Jakarta, ERANASIONAL.COM – Pemerintah mulai menyiapkan langkah ekspor beras ke sejumlah negara sahabat seiring meningkatnya stok cadangan pangan nasional yang dinilai cukup aman hingga akhir tahun. Sedikitnya 500 ribu ton beras telah dicadangkan untuk memenuhi potensi permintaan dari beberapa negara, mulai dari kawasan Asia Tenggara hingga Timur Tengah.
Wakil Menteri Pertanian Sudaryono mengatakan pemerintah saat ini tengah menjajaki sejumlah kerja sama ekspor dengan negara-negara yang membutuhkan pasokan beras dari Indonesia. Negara tujuan yang disebut antara lain Malaysia, Papua Nugini, Timor Leste, hingga Aljazair.
Menurut Sudaryono, kebutuhan beras dari negara-negara tersebut mulai meningkat di tengah kondisi pangan global yang masih menghadapi tekanan akibat perubahan iklim, gangguan rantai pasok, dan konflik geopolitik di sejumlah kawasan dunia. Indonesia dinilai memiliki peluang untuk mengambil peran sebagai salah satu negara pemasok beras di kawasan.
“Ada sekitar 500 ribu ton yang kita cadangkan untuk kebutuhan ekspor.
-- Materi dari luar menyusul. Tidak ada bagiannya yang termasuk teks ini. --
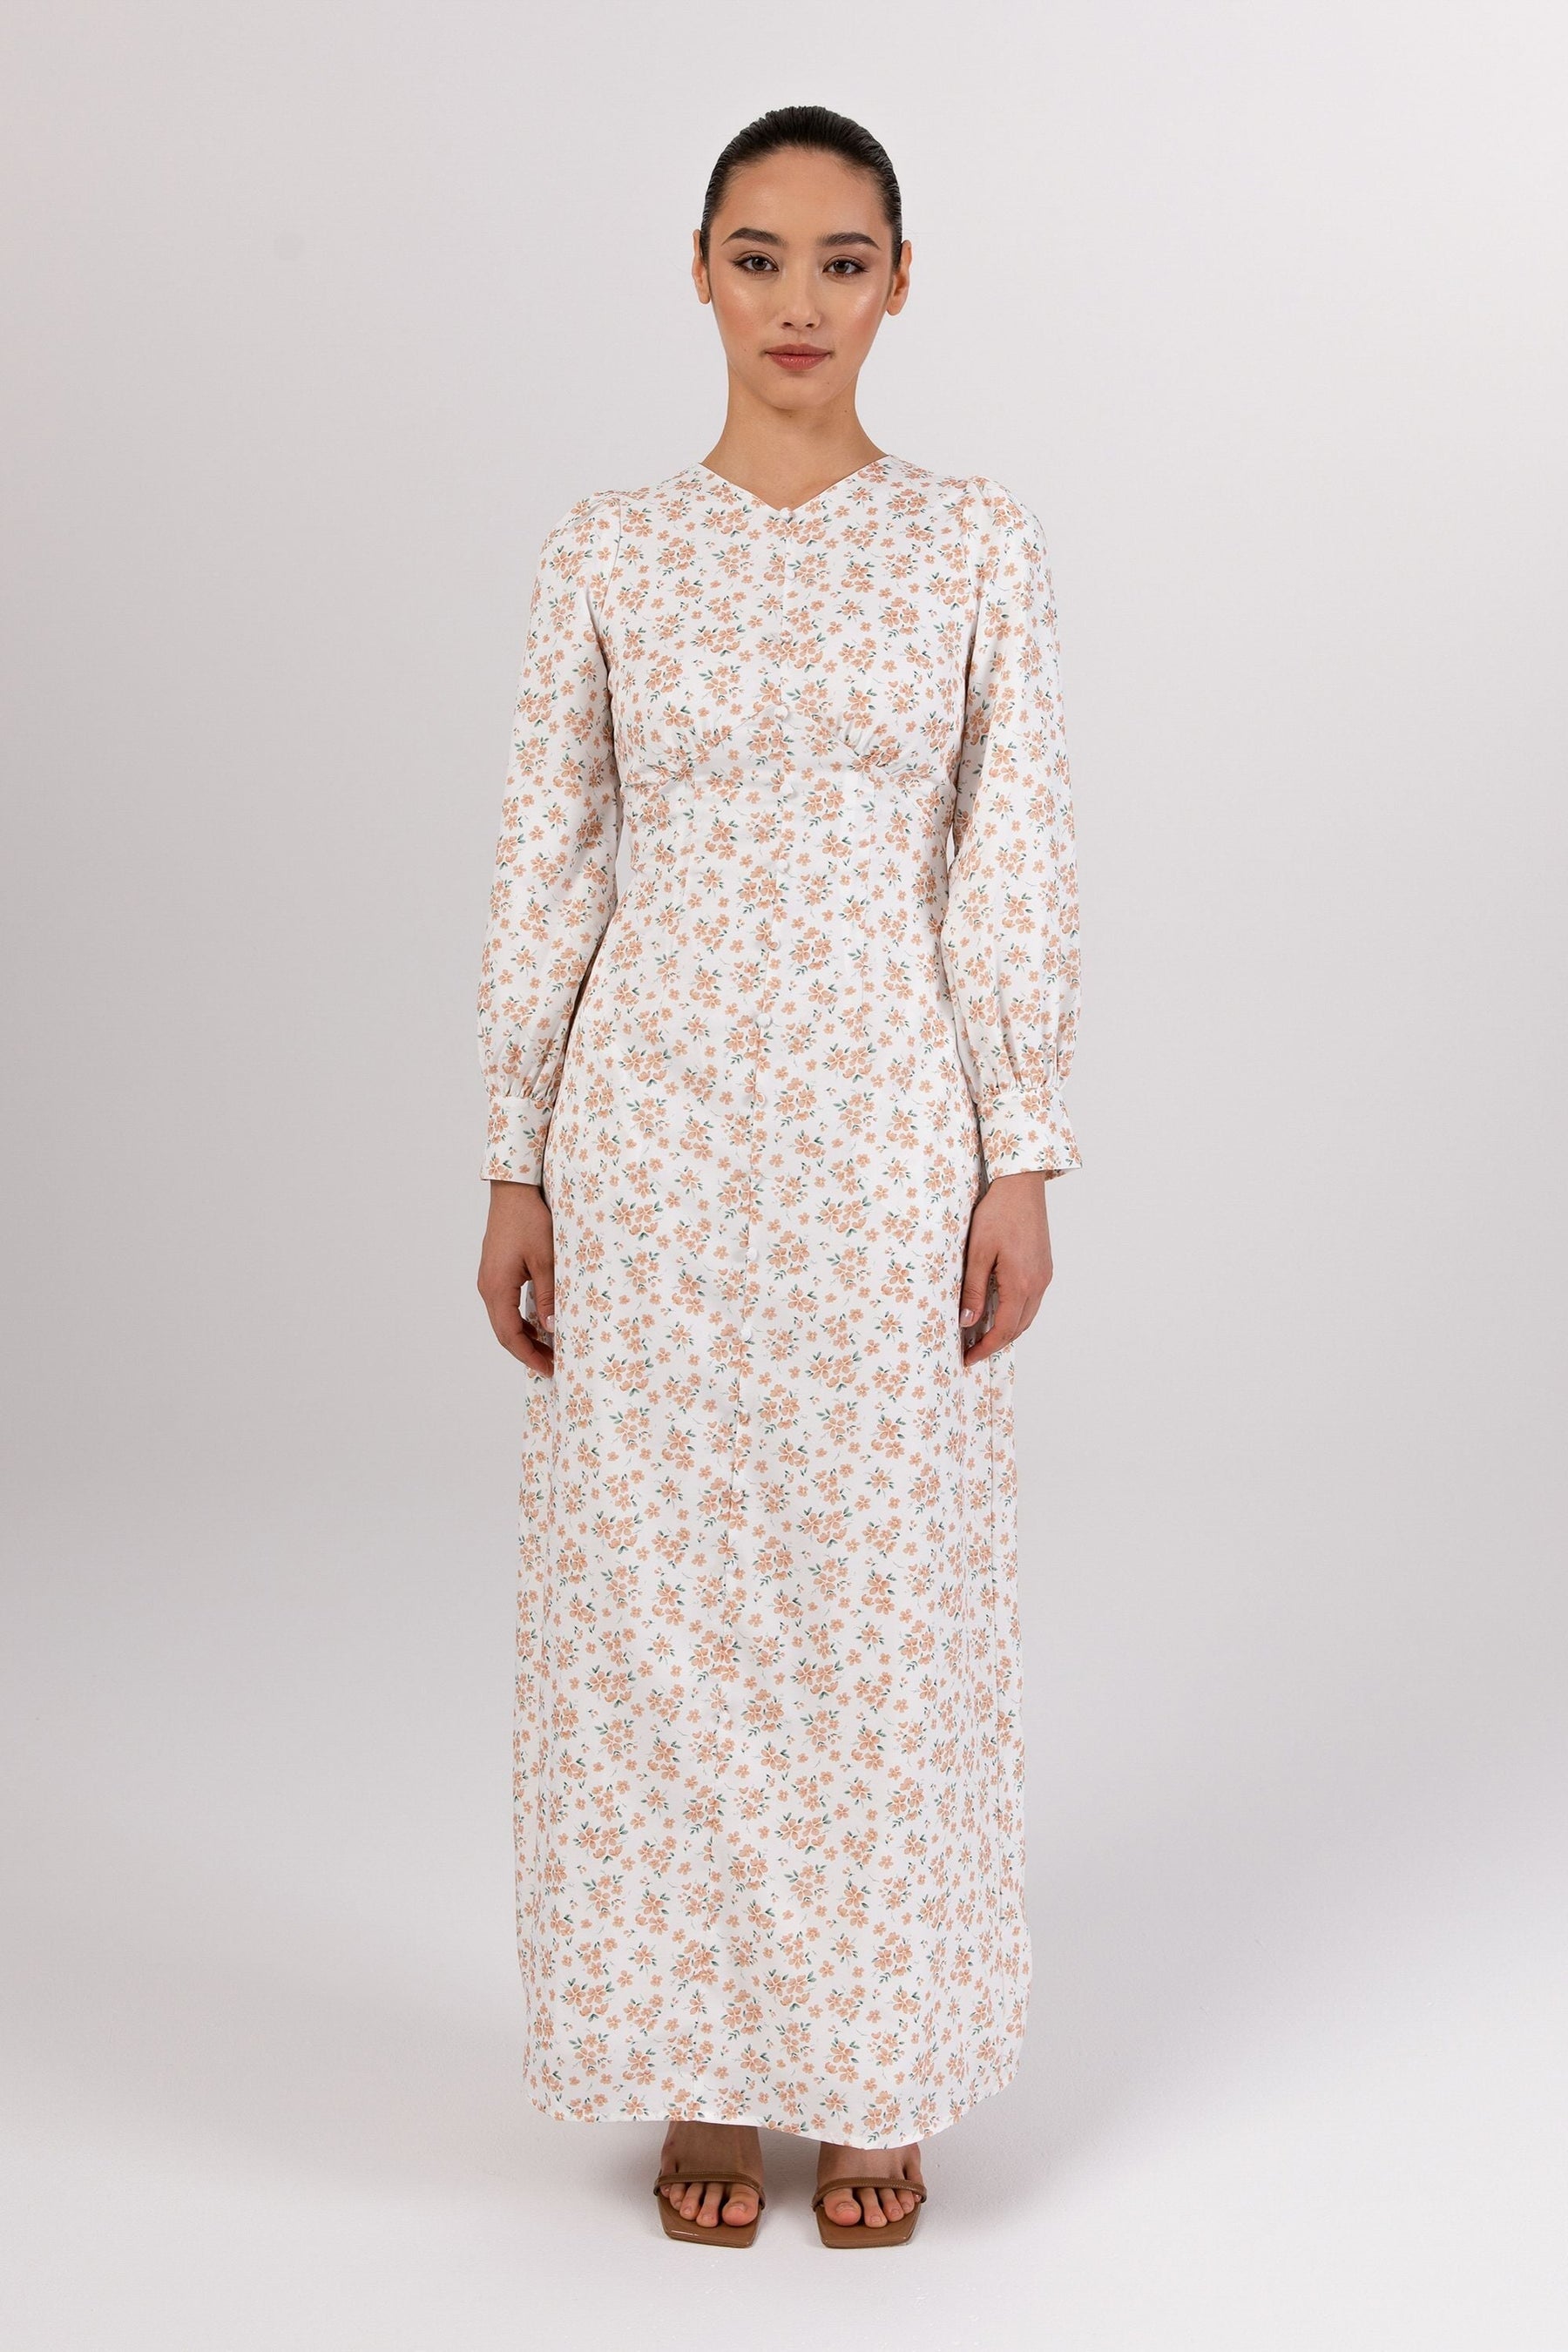 Anaya Button Front Maxi Dress - White Floral Veiled

Ada Malaysia, kemudian Papua New Guinea, terus ada juga Timor Leste, termasuk Aljazair juga,” kata Sudaryono di kompleks parlemen DPR RI, Senayan, Jakarta Pusat, Selasa (19/5).
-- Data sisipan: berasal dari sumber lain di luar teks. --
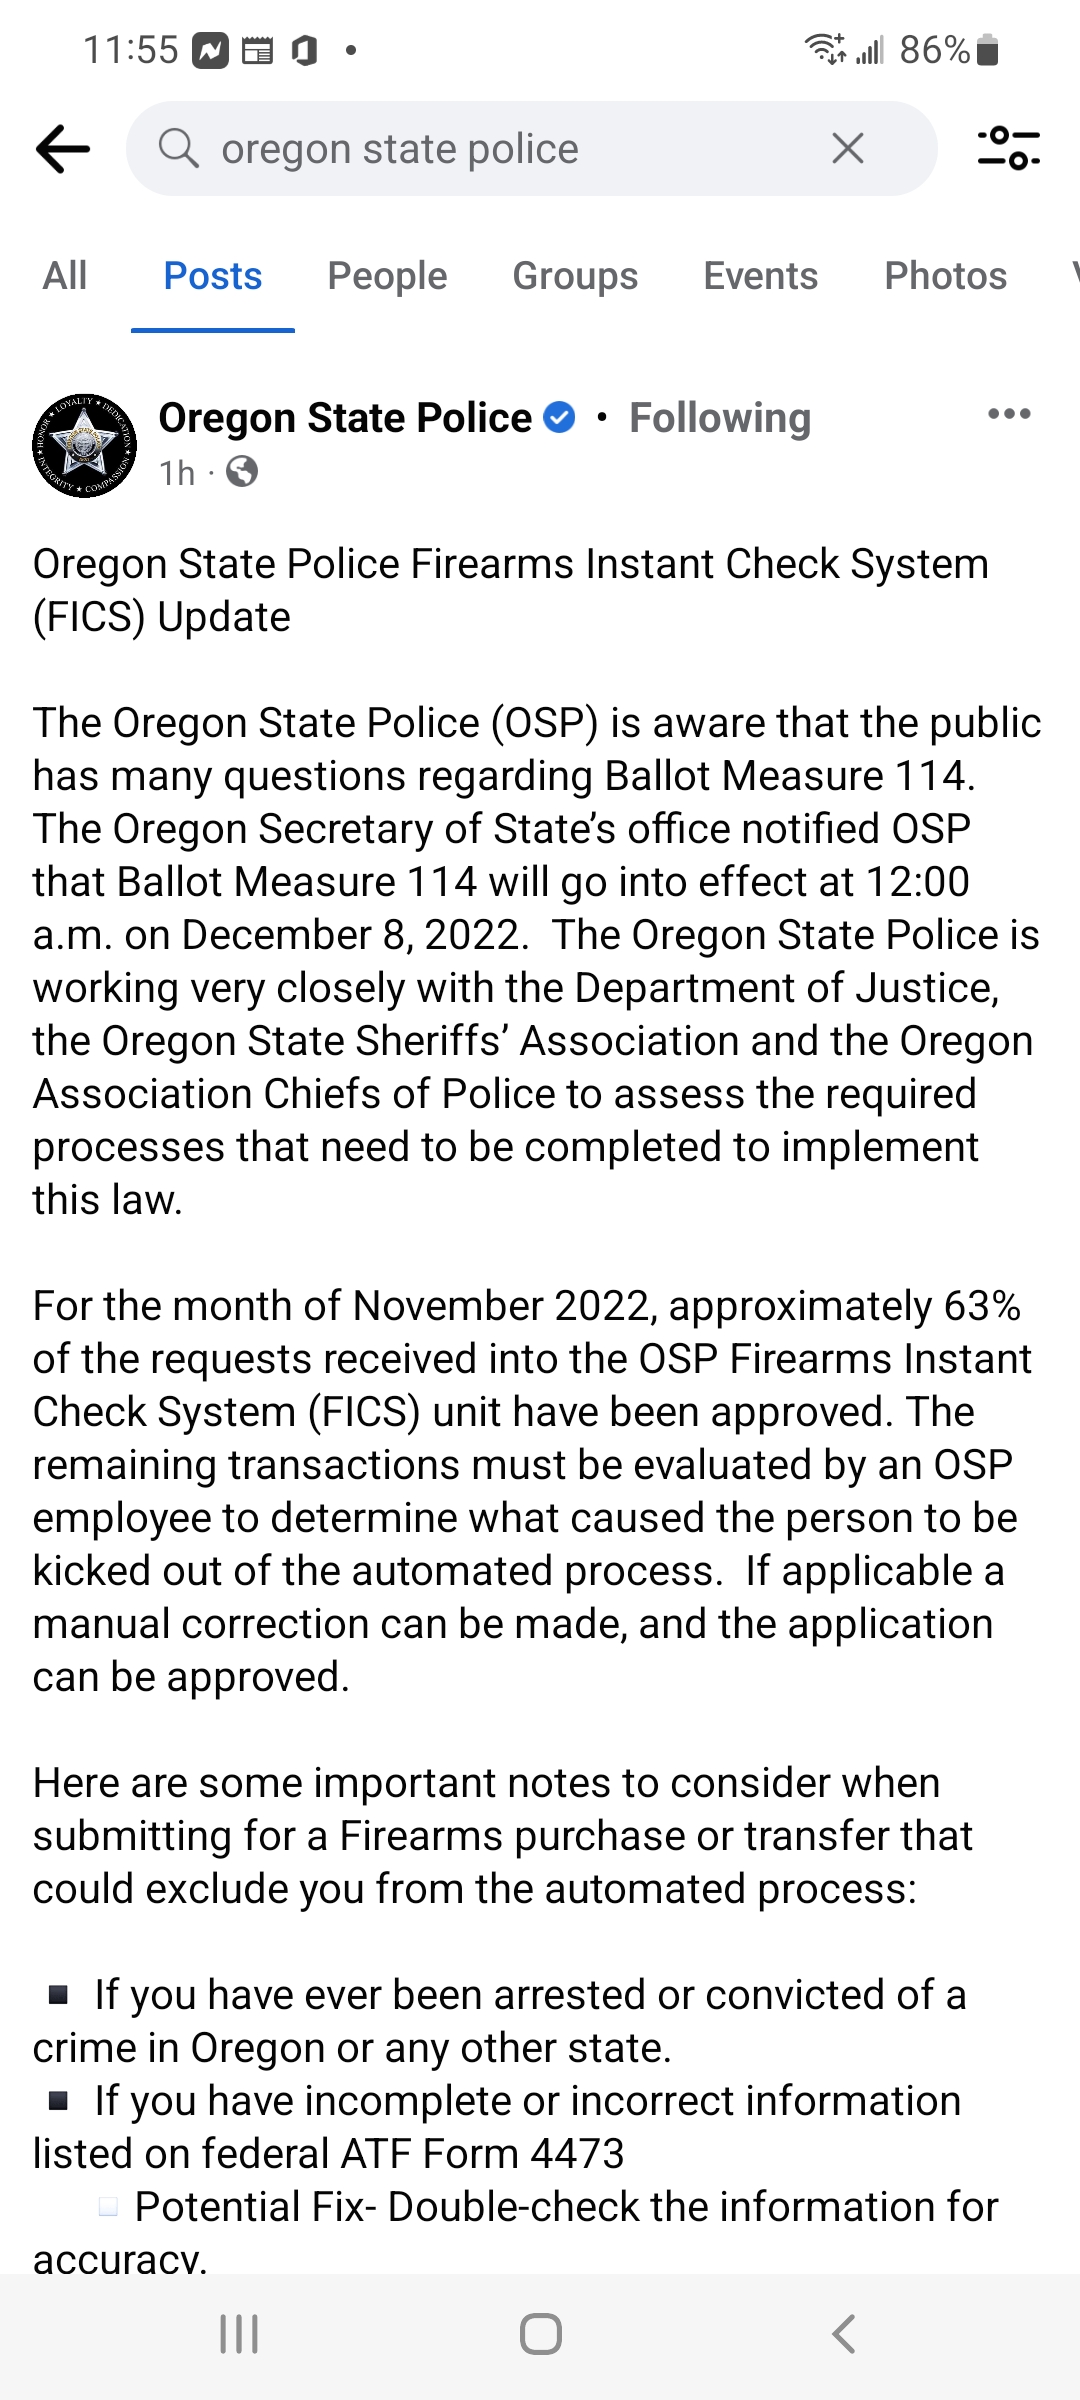 OREGON STATE POLICE FIREARMS INSTANT CHECK SYSTEM (FICS) UPDATE- OREGON

Selain negara-negara tersebut, pemerintah juga mulai membidik pasar Timur Tengah, terutama untuk memenuhi kebutuhan konsumsi beras jamaah haji dan umrah. Menurut Sudaryono, peluang pasar di kawasan tersebut cukup besar karena jutaan jamaah dari berbagai negara datang setiap tahun ke Arab Saudi untuk menjalankan ibadah.
Ia mengatakan Indonesia sebelumnya sudah mengirimkan bantuan dan pasokan beras ke sejumlah negara di kawasan Timur Tengah. Salah satunya sekitar 10 ribu ton beras yang dikirim ke Palestina serta sekitar 2 ribu ton beras ke Arab Saudi.
Pemerintah berharap ke depan beras asal Indonesia tidak hanya dikonsumsi oleh jamaah asal Indonesia selama musim haji dan umrah, tetapi juga digunakan oleh jamaah dari negara lain. Hal itu dinilai bisa membuka pasar ekspor baru yang lebih luas bagi produk pangan nasional.
“Ke depan kita berharap bukan hanya orang Indonesia yang mengonsumsi beras selama musim haji dan umrah, tapi juga negara lain yang melaksanakan umrah dan haji mengonsumsi beras dari Indonesia,” ujarnya.